• **Material provided**:
-*-

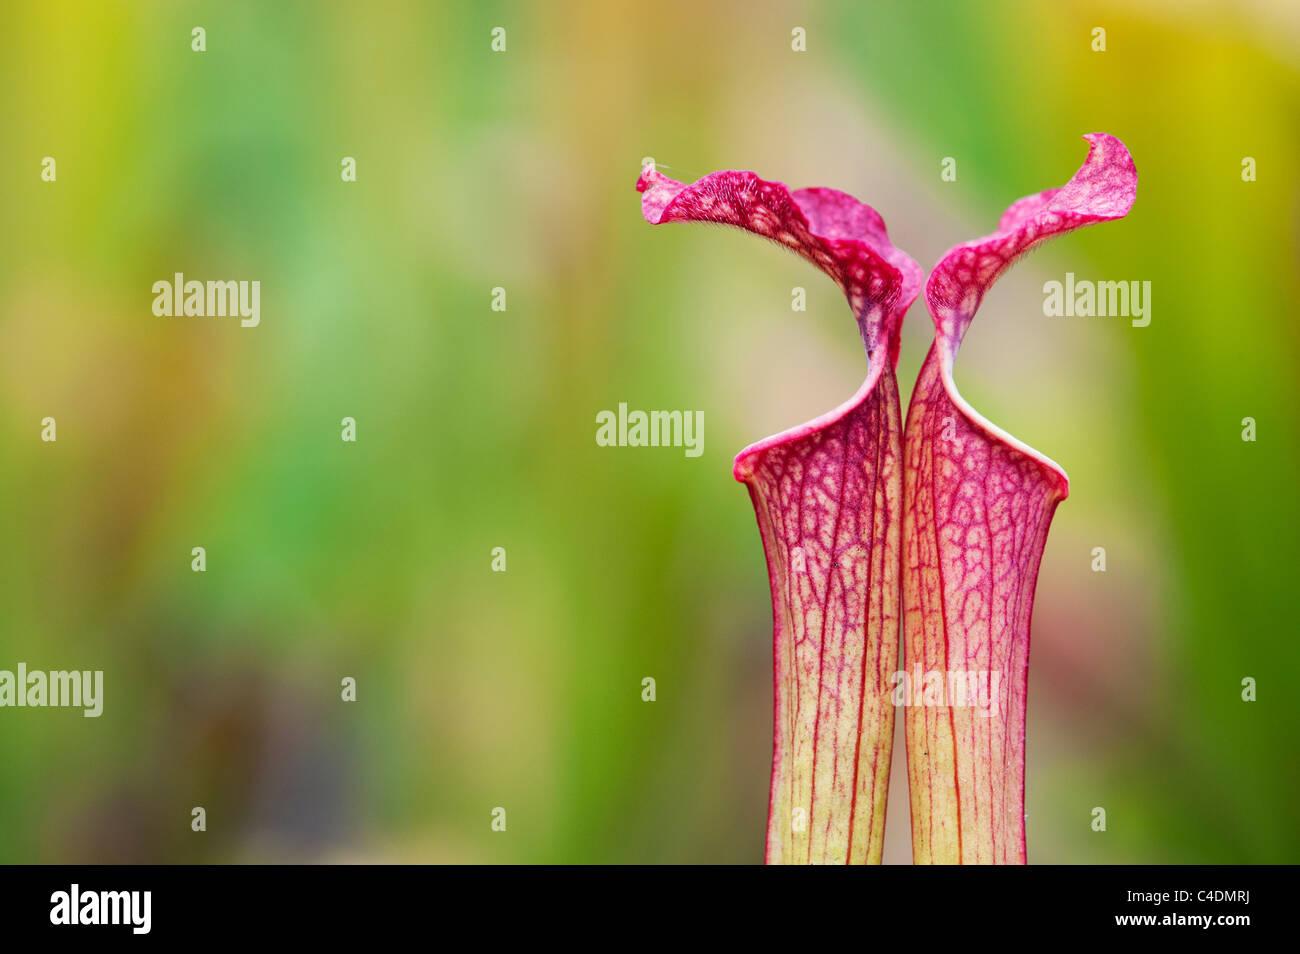 Sarracenia x farnhamii. Pianta brocca. Pianta carnivora Immagini Stock
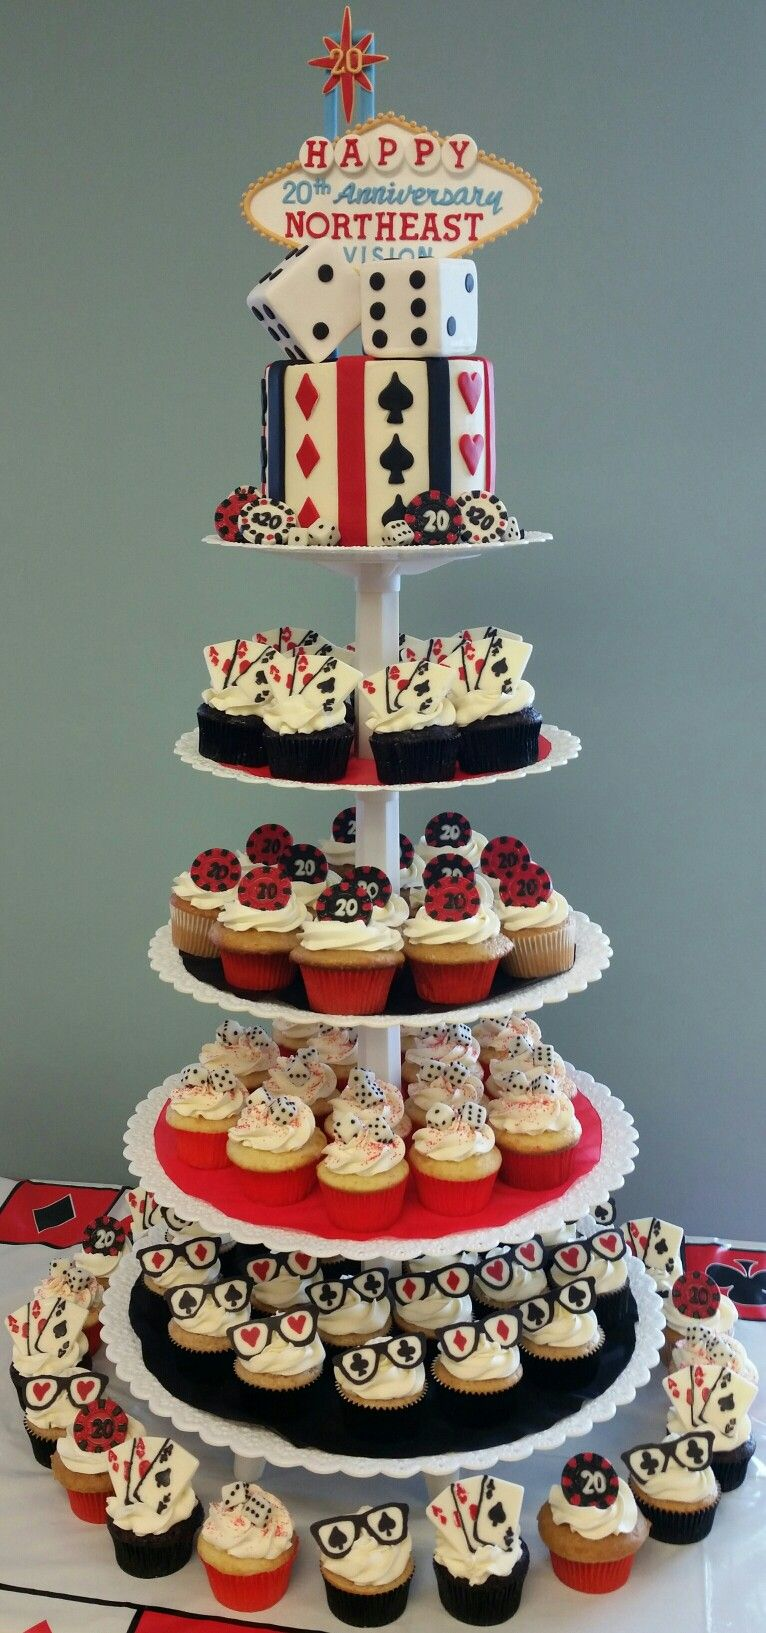 prix plancher chaussures élégantes bonne vente de chaussures Cake and cupcakes for a casino themed 20th anniversary ...
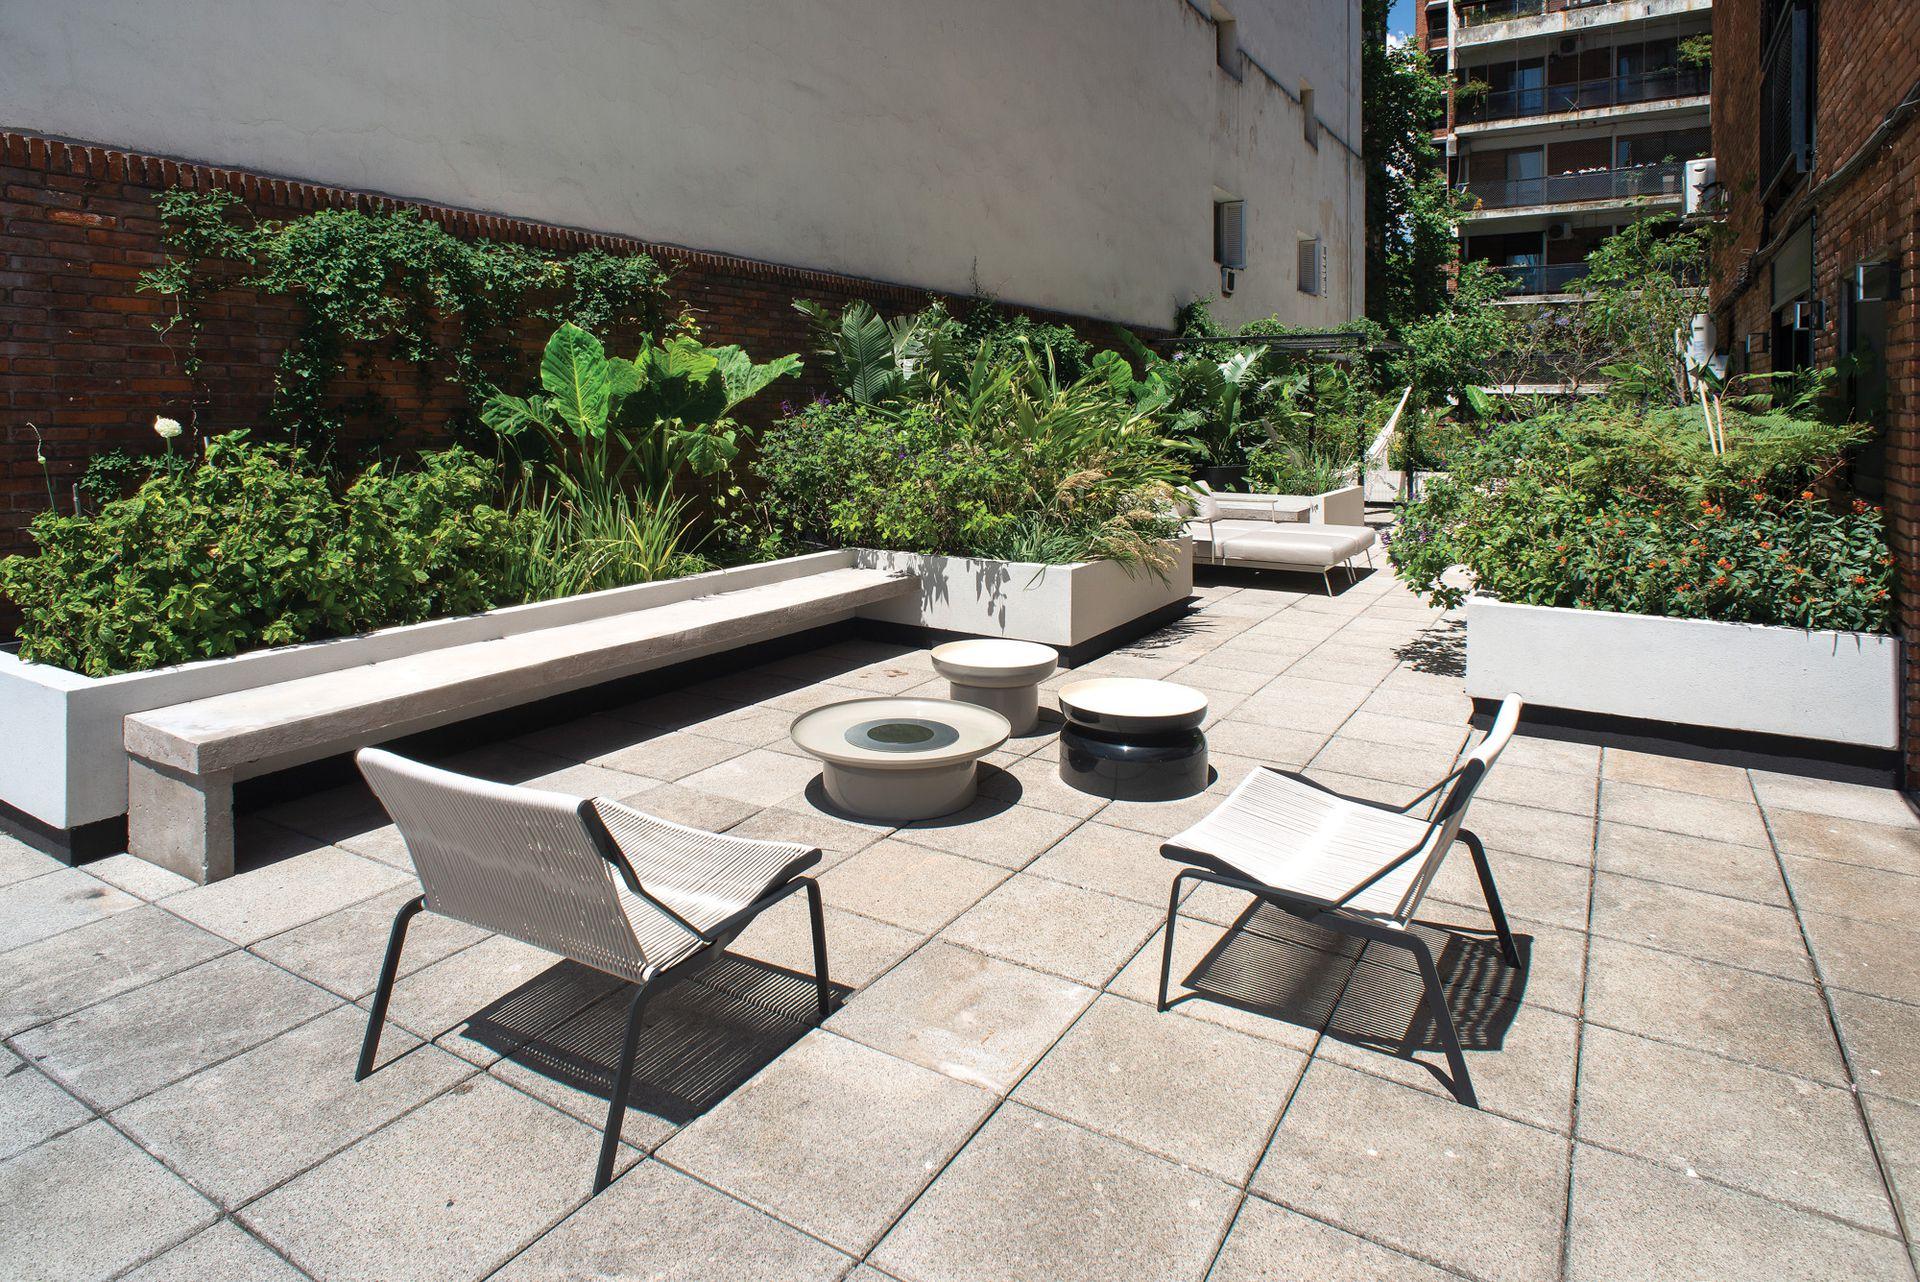 Las mesas circulares de distintos diámetros son del modelo Pluvial, de aluminio, aptas para exterior.

-*-

• **Exercise instructions**: The answer must be the full listing retyped exactly, with no pictures in it.

• **Exercise response**:
 Sarracenia x farnhamii. Pianta brocca. Pianta carnivora Immagini Stock
 prix plancher chaussures élégantes bonne vente de chaussures Cake and cupcakes for a casino themed 20th anniversary ...
 Las mesas circulares de distintos diámetros son del modelo Pluvial, de aluminio, aptas para exterior.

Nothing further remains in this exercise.